Some thoughts.

Nov 22, 2008 13:28

You know, when my dad called me a "fucking liberal pussy" the other day, it got me thinking. Normally I dismiss things like that, since they're like cold rain in my family: unpleasant, but frequently a part of nature. But this bothered me more than usual, because it's the latest in a chain going back as far as I can remember.

At the same time my parents encouraged me to do as well as I could in school, my dad called me out for it. I've been called a queer, a freak, a faggot, you name it. For what? Wanting to read books? To play video games with more intricate stories and better writing than any of the shit they watched on TV? Books that gave me ideas were especially bad. World mythology, atheism, world religions, philosophy, etc. I was given the "work hard in school because you don't want a job like mine" speech, and it paid off. But by expanding my mind's scope, not my wallet's. My dad still can't figure out why I "don't just write a best seller and be done with it."

When I actually tried to share ideas with my parents, I became an alien. When I grew a beard, they thought I had joined an Islamic "cult." Whenever I mentioned Obama's candidacy, the "good book" and references to the antichrist immediately came to the foreground. And not jokingly. With deadly seriousness. They want me to share my poetry with them, and I do too. I can't begin to say how wonderful it would be to sit down and have a meaningful conversation with the people I'm supposed to love most about the art that satisfies me so completely. But when I try, or when I show them the work that I do, they wonder why I'm depressed, or if I'm planning to kill myself. To them, literature is something purely pleasurable--if a book isn't making them happy, it's making them uncomfortable. Four years of being away from them allowed me to peel that layer off of myself in bits and pieces. Now, instead of closing a book when I'm uncomfortable, I congratulate the author for making me feel that way and read on, seeing if I can find a way to outpuzzle the puzzler.

Mostly though, I think about how different I would be had I been encouraged to read those books, rather than being reprimanded for reading them or having them confiscated. It's really a kind of artificial retardation, something that I know set me back by a number of years. When my mind was being blown left and right as an undergrad, others asked me how I didn't already know about x, or didn't already accept y. I was unable to formulate answers because the answers I had been given were concrete and acceptable only in my home or in my town. Outside, they evaporated.

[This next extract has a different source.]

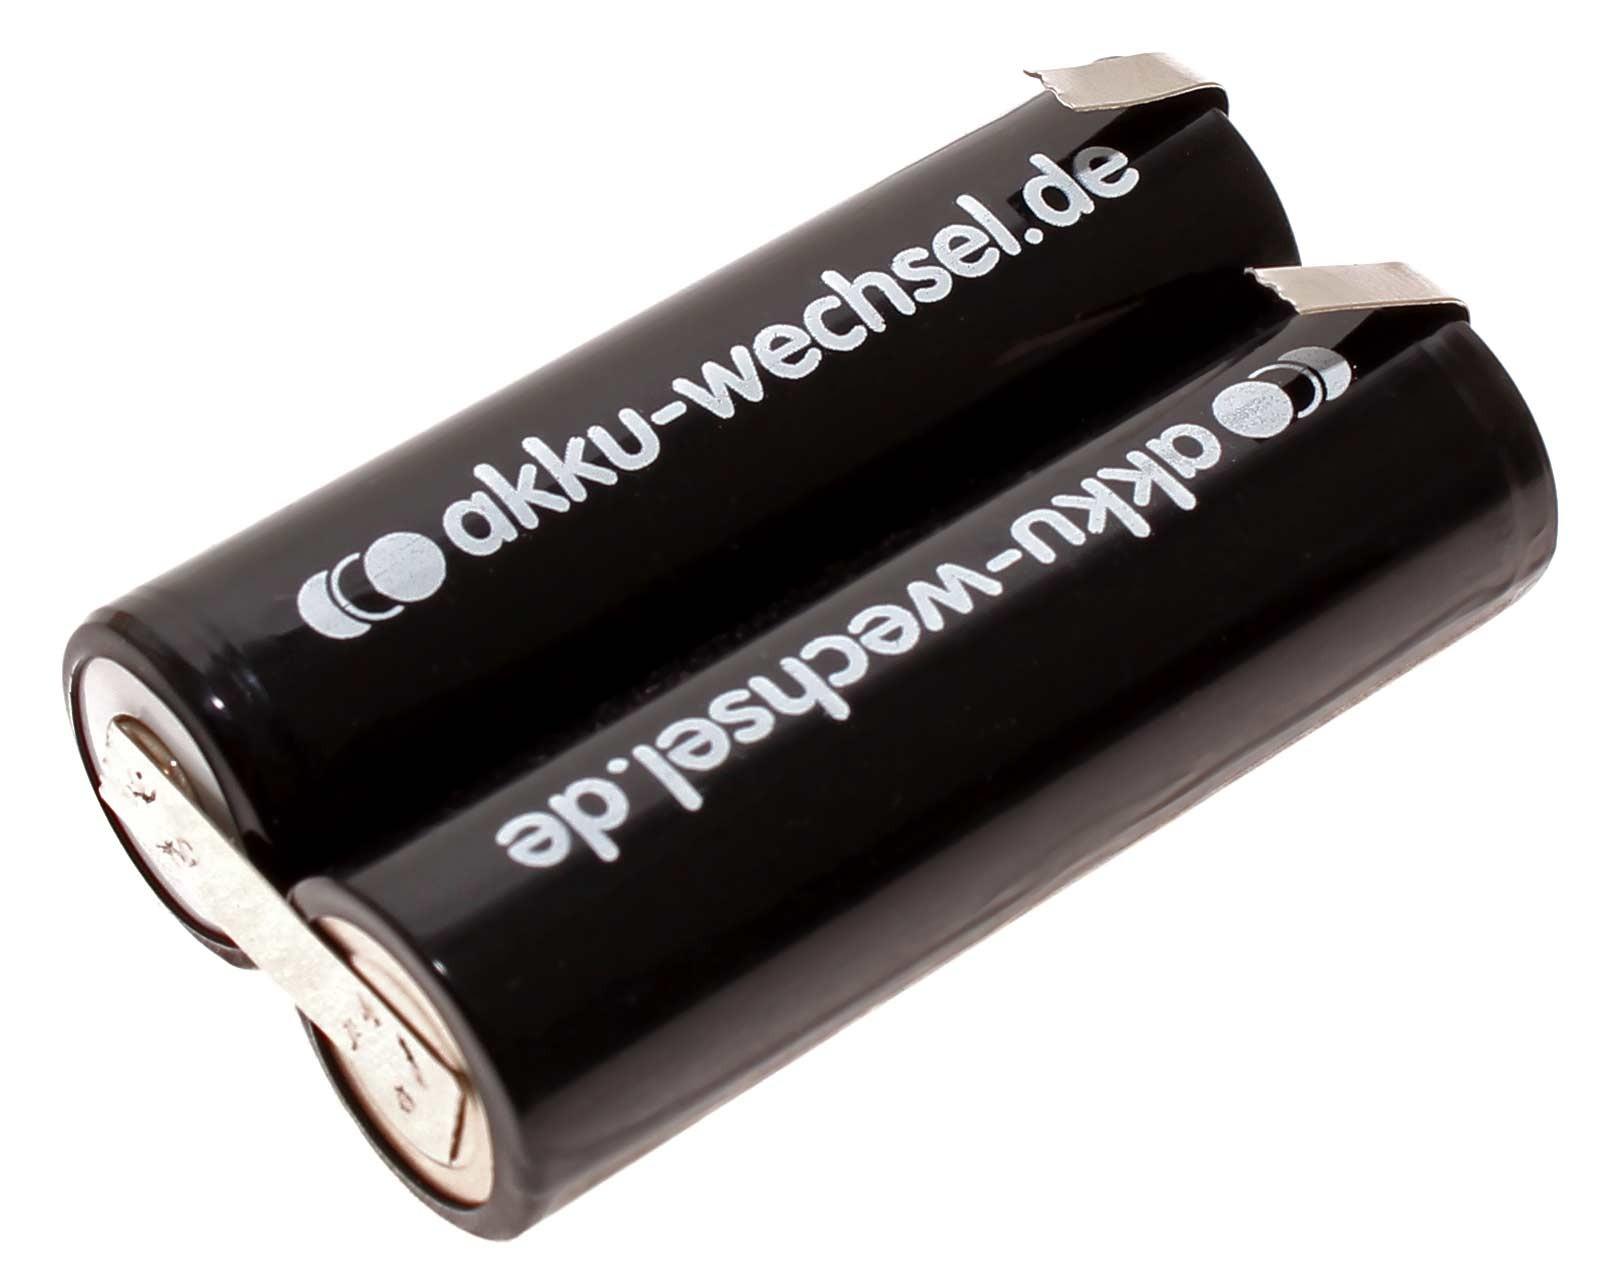 2,4V NiMH Akku für Panasonic ER150, ER151, ER152, ER153 und ER155

But why didn't I read those books anyway? Surely I could have, if they weren't confiscated. I guess I was weak. If one can be faulted for wanting to be accepted within one's family by sacrificing certain ideas or the means to obtaining them, then I am at fault. I certainly wouldn't do that now, but the world's a different place when you're seven, or ten, or twelve. You're not ready to risk alienating everyone yet, because to you, a warm hug still feels better than intellectual curiosity.

And even now, as someone who has and will again refuse to sacrifice ideas for acceptance, I'm still bitter about it. Sometimes I just want to say that religion makes perfect sense to me, to sit through a sermon without burning to point out inconsistencies or fallacy. I still occasionally desire to censor myself, but when I use a euphemism like "sausage pole" and it causes my mother (who has called my father a "fucking motherfucker" more times than stars in the sky) to burst into tears and call me a disgrace, I know that I can't. I have to be willing to be thought less of by anyone if that's what it takes to be honest about what I think or believe. Because the second I'm not, I turn into them.